Jugueteé con mi comida un rato; necesitaba comer, no podía darme el lujo de enfermarme y parecer aún más débil ante Ryker. Tal vez iría al gimnasio a correr en la caminadora antes de empezar con mis tareas escolares, solo para despejar mi mente.
No podía dejar que me distrajera viéndolo con otra, incluso si se trataba de Amy. Él no me quería, lo sabía. Pero, literalmente, podría haber elegido a cualquier otra que no fuera ella. Solo deseaba que no me enviara señales contradictorias.
La noche anterior había sido como si él y su lobo estuvieran peleando por estar cerca de mí. Supuse que el asunto de ser compañeros probablemente obligaba a su lobo a querer estar cerca de mí. Pero no querían a una humana débil. Negué con la cabeza. Él no merecía ocupar tanto espacio en mi mente. Concéntrate, Ken. Saldría de esta.
Se escuchó un suave golpe en la puerta. La única que no entraba sin avisar era Robin, y probablemente era la única a la que no me importaba que invadiera mi espacio.
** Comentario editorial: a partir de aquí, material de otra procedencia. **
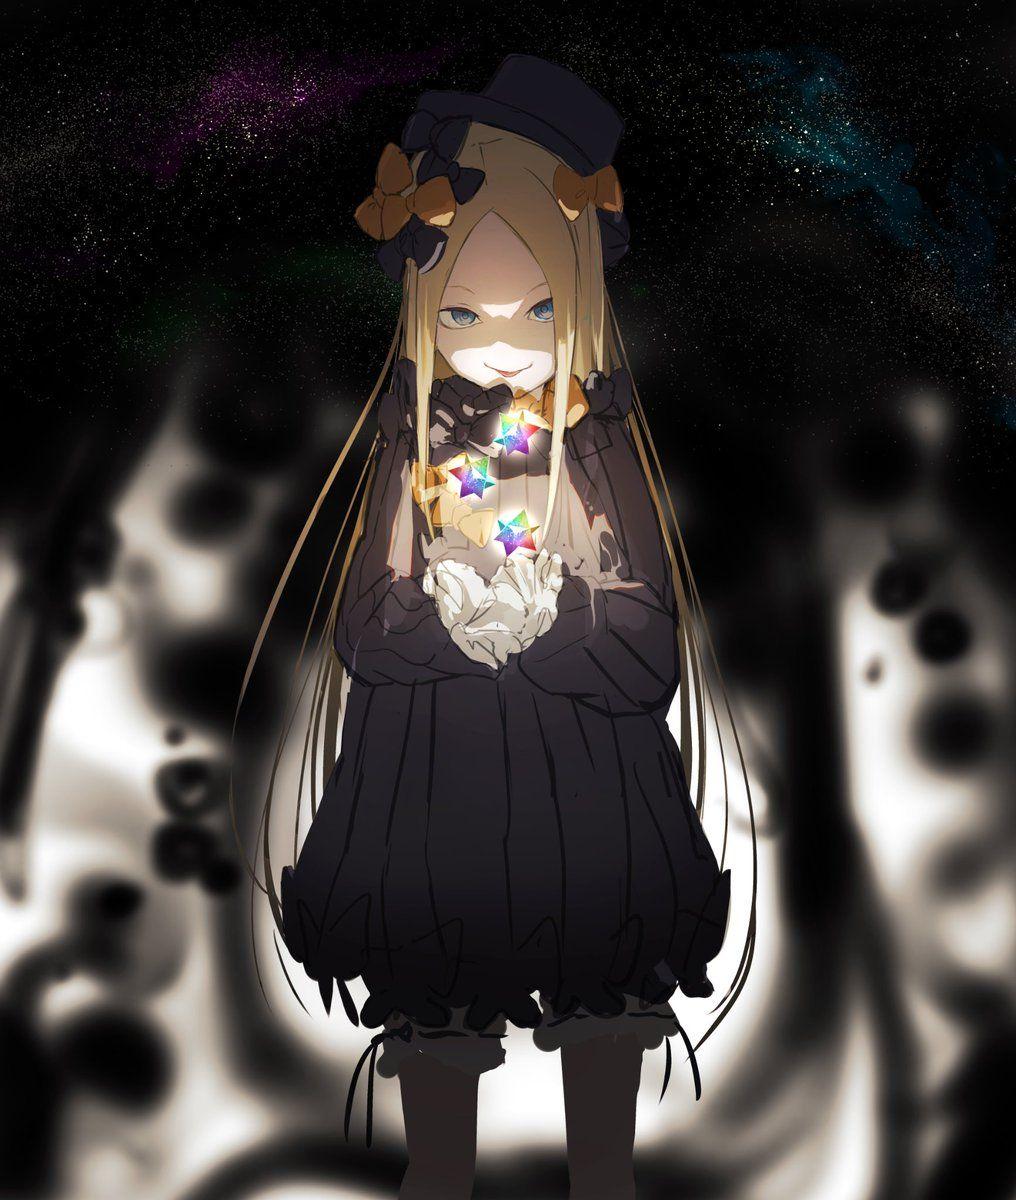 [FGO] アビゲイル「こぼれるほど…下さいな…」 Fateツイッター情報まとめ キャラクターデザイン

—Adelante —dije. Me metí otro bocado de comida en la boca; no podía permitir que se preocupara por mí y se distrajera de su trabajo real. No podía hacer que las únicas personas que eran amables conmigo se molestaran por meterlas en problemas con su Alfa.
—Oye, te vi salir. ¿Necesitas algo? —preguntó ella. Sabía que había visto a Amy entrar con Ryker, pero estaba tratando de esquivar esa parte de la conversación.